Los Angeles 2008: A Love Letter

It’s been said that when you first move to Los Angeles that you’ll hate it, but if you stay for 18 months you’ll never leave. L.A. has been my home since 2004, really, because of college. But college isolates you from the harsh realities of a city, and masks you from the angst of “what am I doing with my life?”

Graduating from college in 2008 was no laughing matter, with the world economy dragging and a BA in Philosophy in my back pocket. Somehow, in a 24-hour period I managed to secure a job and find a reasonable sublet, lest I move back home with my parents and become a stereotype of my generation—condemned to be discussed in thousands of newspaper & magazine articles written by baby boomers in the subsequent years. So I moved into the second room of a duplex with a nice enough guy eight years my senior and began the painful transition of becoming a grown up.

These were tough times. During the day I worked as technical support, doing basic HTML/CSS web development work. At night for several months I worked to finish a project I’d started at my university job—building a rather complex, animation-filled, automatically updating digital signage system for a UCLA museum. The day work was boring, simple stuff, and further I had to deal with remote colleagues being threatened by my skillset and quietly trying to prevent me from rising within the company. The night work was stimulating, for certain, but brought the difficulty and self-doubt that comes with a project completely dreamed up and executed by only one person. And it also meant I was spending 12 hours a day seated (sometimes at a desk, sometimes on a squishy old sofa) with a computer, my young body aging faster than it should.

Generally unhappy with the state of things, the way my health was dragging and my job discouraged me, I turned against Los Angeles. If I moved to Portland, I thought, I could fully embrace the depressive rain and beer & coffee culture that seemed to fit my mood. And it’d be a fresh start, away from the anonymity of Los Angeles, the ridiculous need to drive anywhere interesting and fear for my life every time I went out on my new bike. Portland won’t be any different, my girlfriend assured me: “You have no friends there, and there aren’t jobs in Portland.”


Around this time in Los Angeles there was a monthly bike ride called C.R.A.N.K. Mob. On a Saturday night, around 11pm, hundreds of people would descend on Sawtelle, a historically Japanese street in West Los Angeles next to the 405. This in itself would be remarkable for a city that, as Michael Mann showed us in Collateral, can make you feel alone while surrounded by millions of people.

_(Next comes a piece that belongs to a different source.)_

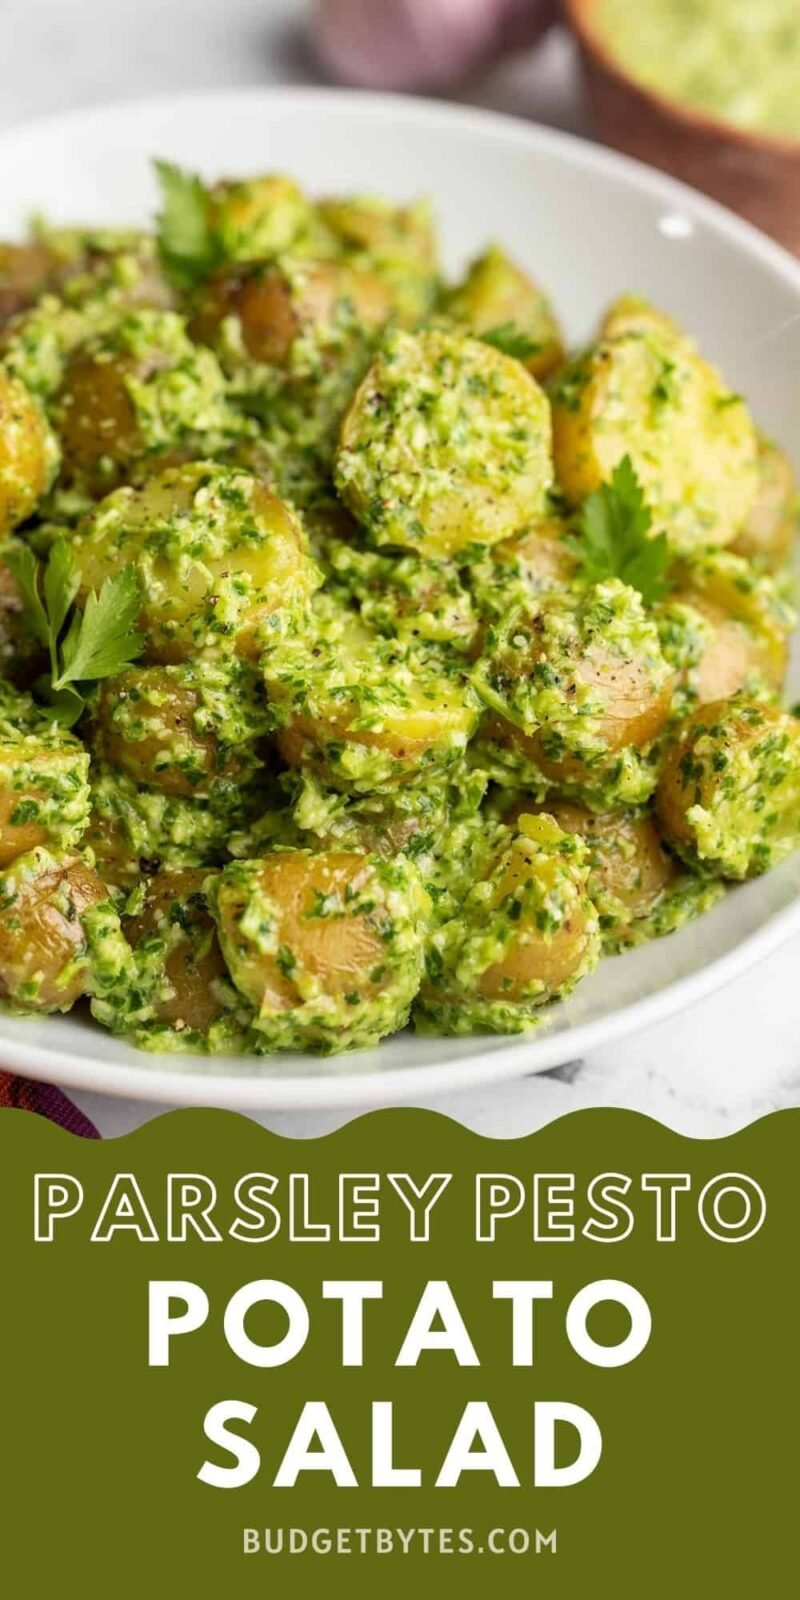 Side view of a bowl of pesto potato salad, title text at the bottom.

More remarkable, though, was that all these people were on bikes. And they were ready to party. The first ride I went on we spun down to Bundy, rode north into Brentwood, and cruised past the old rich that would be leaving dinner on San Vicente late on a Saturday night. Surrounded by five-hundred plus, some with boomboxes strapped to their bikes, or bright lights strapped to their wheels, or capes strapped to their backs, I make eye contact with a 50-something in a blazer leaving a $$$$ Italian restaurant looking on in awe.

Continue north on Barrington; pass Santa Monica airport; descend on Vons parking lot; a band plays; silly string; people dancing; beer; continue into Culver City; kettle korn; outside a warehouse stuffed full of people and a DJ; meet some people; keep going; too small 7/11 parking lot; sit on a couch in an alley; a hill, but it leads to the roof of Best Buy; jump roping; ride home slowly; 4 AM.

Los Angeles. Now a city filled with people loving life, helping strangers when they get a flat, a warehouse owner allowing 600 people to party on his property, no need for bike locks. C.R.A.N.K. Mob eventually stopped—too many kids getting drunk and crashing, too many people. I only went on it once more, but never have I found a more effective cure for what ailed me back then. Los Angeles on a bike, surrounded by friends and strangers alike, is a completely different place. Knowing that that exists—beneath the smog, the eight-lane streets, and every damn person but you owning a BMW—is reassuring.

Counting my collegiate years, I’ve now lived here eight years [ed: made it to nine!]. That first 18 months after college sure was tough, and dammit if I didn’t hate LA then. I don’t know where I’ll be in a year [ed: have moved to San Francisco since I wrote this], but Los Angeles: I’m sorry I judged you. Thanks for giving me what I needed back then. You’ve got your quirks, but I’ll be damned if you aren’t a great city.